Support #2167
openUsing weights for 17 BHPS and 13 UKHLS waves for pooled cross-sectional analysis.
Added by Nico Ochmann over 1 year ago. Updated 13 days ago.
100%
Description
Dear Peter,
I would like to use all waves of the BHPS (except for the first wave) and all waves of UKHLS for pooled cross-sectional analysis. For that purpose, I need to use weights for each wave.
I am wondering whether the following code would make sense to construct my weights and use in my Stata regression [pw=newwgt].
Please note that wave=1 is bb_ and wave=18 is a_ .
gen newwgt = indin91_xw if inlist(wave,1,2,3,4,5,6,7)
replace newwgt = indin99_xw if inlist(wave,8,9)
replace newwgt = indin01_xw if inlist(wave,10,11,12,13,14,15,16,17)
replace newwgt = indinus_xw if wave==18
replace newwgt = indinub_xw if inlist(wave,19,20,21,22)
replace newwgt = indinui_xw if inlist(wave,23,24,25,26,27,28,29,30)
I would appreciate a reply from you.
Best,
Nico
Updated by Olena Kaminska over 1 year ago
Nico,
Yes, this all looks good. Please note, that until 2001 BHPS represented GB excluding NI, and from 2001 NI is included.
Also we suggest to scale weights as descried on p.10 here: https://www.understandingsociety.ac.uk/wp-content/uploads/working-papers/2024-01.pdf .
Hope this helps,
Olena
Updated by Nico Ochmann over 1 year ago
Dear Olena,
Your suggestions helped very much, thanks for your prompt and great reply.
I have a bit of a follow-up question if you do not mind me asking.
If I decided to collapse the data by local authority district and year, I would need to apply the weights I have constructed.
The question I have for you is the following:
Would I need to take the raw sum the constructed weights by local authority district and year?
So basically:
bysort lad year: egen weightscaled_sum = sum(weightscaled)
And then apply:
collapse (median) wage [aw=weightscaled_sum], by(lad,year)
I would appreciate a reply in case you see what I am trying to do.
Best,
Nico
Updated by Understanding Society User Support Team over 1 year ago
- Assignee changed from Peter Lynn to Olena Kaminska
Updated by Olena Kaminska over 1 year ago
Nico,
Please explain more what you mean by collapsing? Does it mean that your unit of analysis are not people but lad? If that's the case, how do you create measure for each lad? Technically, if for example you average a measure within each lad and then analyse each lad, you may need weights at both levels separately to first create the average correctly, and then to represent lads. And what do you mean by collapsing by year?
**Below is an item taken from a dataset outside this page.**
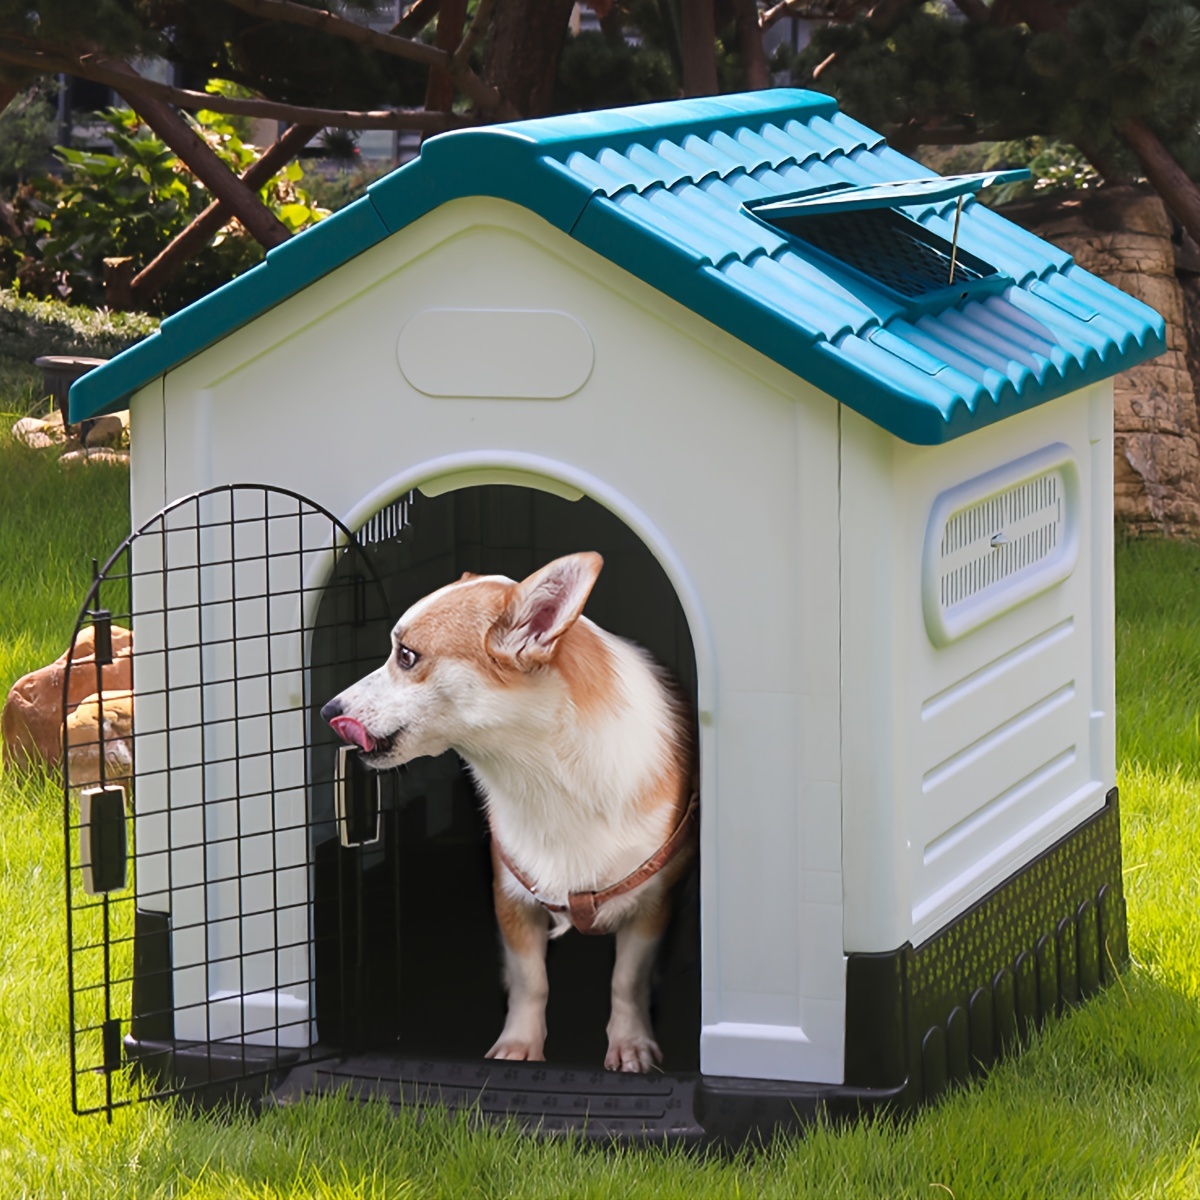 Jaula para perros, jaula plegable de metal para mascotas, para perros  pequeños, medianos y grandes, puertas dobles de 36 pulgadas, perrera con  panel

Sum of weights won't be correct here.
Olena
Updated by Nico Ochmann over 1 year ago
Hi Olena,
Thanks for your reply, I really appreciate your time.
Let's say I wanted to compare the gender median wage gap in a lad-year panel, I would do the following:
gen wage_m = wage if female==0
gen wage_f = wage if female==1
collapse (median) mwage_m = wage_m mwage_f = wage_f [aw=weightscaled], by(lad year).
This should give me the median for each gender in a given lad and year. I basically have a lad-year panel then.
One question arises now:
1. What weights do I use to analyse the data within the lad-year panel.
Thanks for your help.
Best,
Nico
Updated by Olena Kaminska over 1 year ago
Nico,
Yes, year does create an issue as our sample is not random within each year. There is a year of issue and calendar year. To start please read question 13 here:
https://www.understandingsociety.ac.uk/wp-content/uploads/working-papers/2024-01.pdf
Once you created medians per lad, do you just report them, or are you trying to represent lads? The weights would be different if the latter.
Hope this helps,
Olena
Updated by Nico Ochmann over 1 year ago
Hi Olena,
Thanks for you reply.
I read question 13, but I think I do not want to go there as it gets too messy.
If I were to replace years with waves to have a lad-wave panel, would that help me?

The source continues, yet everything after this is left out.